Looking at the recently released Safe Work Australia work-related traumatic injuries and fatalities statistics I have become rather alarmed at the prevalence of injuries and fatalities among older workers.

While the figures, which have just been released for 2018, do show a continual decline in both fatalities and in serious injury compensation claims over the preceding 15 years, certain groups of workers seem to be suffering more than others. And it’s my age group that’s coming off worst.

For example, when it comes to the frequency of serious claims, those in the prime of their years, the 30-34 age group, recorded only 4.3 claims per million hours worked. That figure jumps to 7.7 for the 60-64 age group.

The statistics for work-related injury fatalities use slightly different age groupings, but the story is similar. Out of the total of 144 work related fatalities in 2018, the older age groups were also over-represented.

So in terms of fatality rate, the 25-34 age group registered just 0.8 fatalities per 100,000 workers, while the 55-64 group were more than double that at 1.7 per 100,000. And woe betide those who were still working beyond that: the 65 and over group registered 3.3 fatalities per 100,000.

Why should this be so? At the end of the day, I guess it’s all down to resilience. Or are older workers just plain unlucky?

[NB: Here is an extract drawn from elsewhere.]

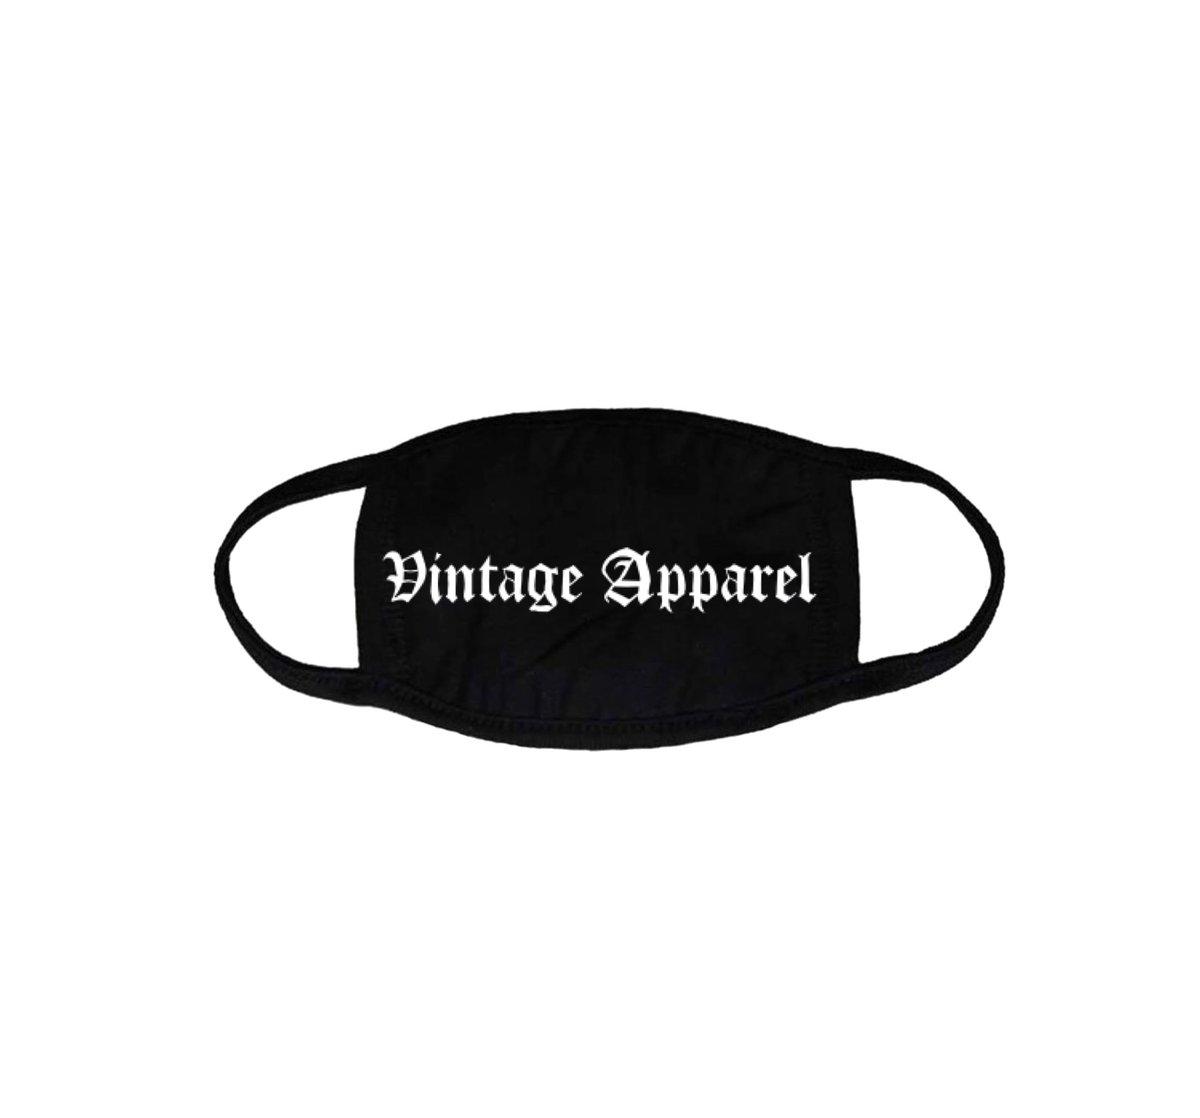 Vintage Apparel Masks

Interestingly, the Australian Bureau of Statistics data on the subject paint a contrasting picture, with older workers taking on average half the number of days off sick than the 25-34 age group. And with the nation’s workforce steadily getting older on average, this is no bad thing.

ABS data also indicate that mature age workers are less likely to experience work-related injuries compared to younger workers.

So it seems we may be back to the old “lies, damned lies and statistics” argument that says you can use data to prove anything you want.

However, I’m certainly going to keep an increased eye out for any dangers at work as it seems I’m at “that dangerous age”.

So do keep an eye out for your older colleagues as well. Who knows what might happen to them? Hopefully, one day they’ll get to retire.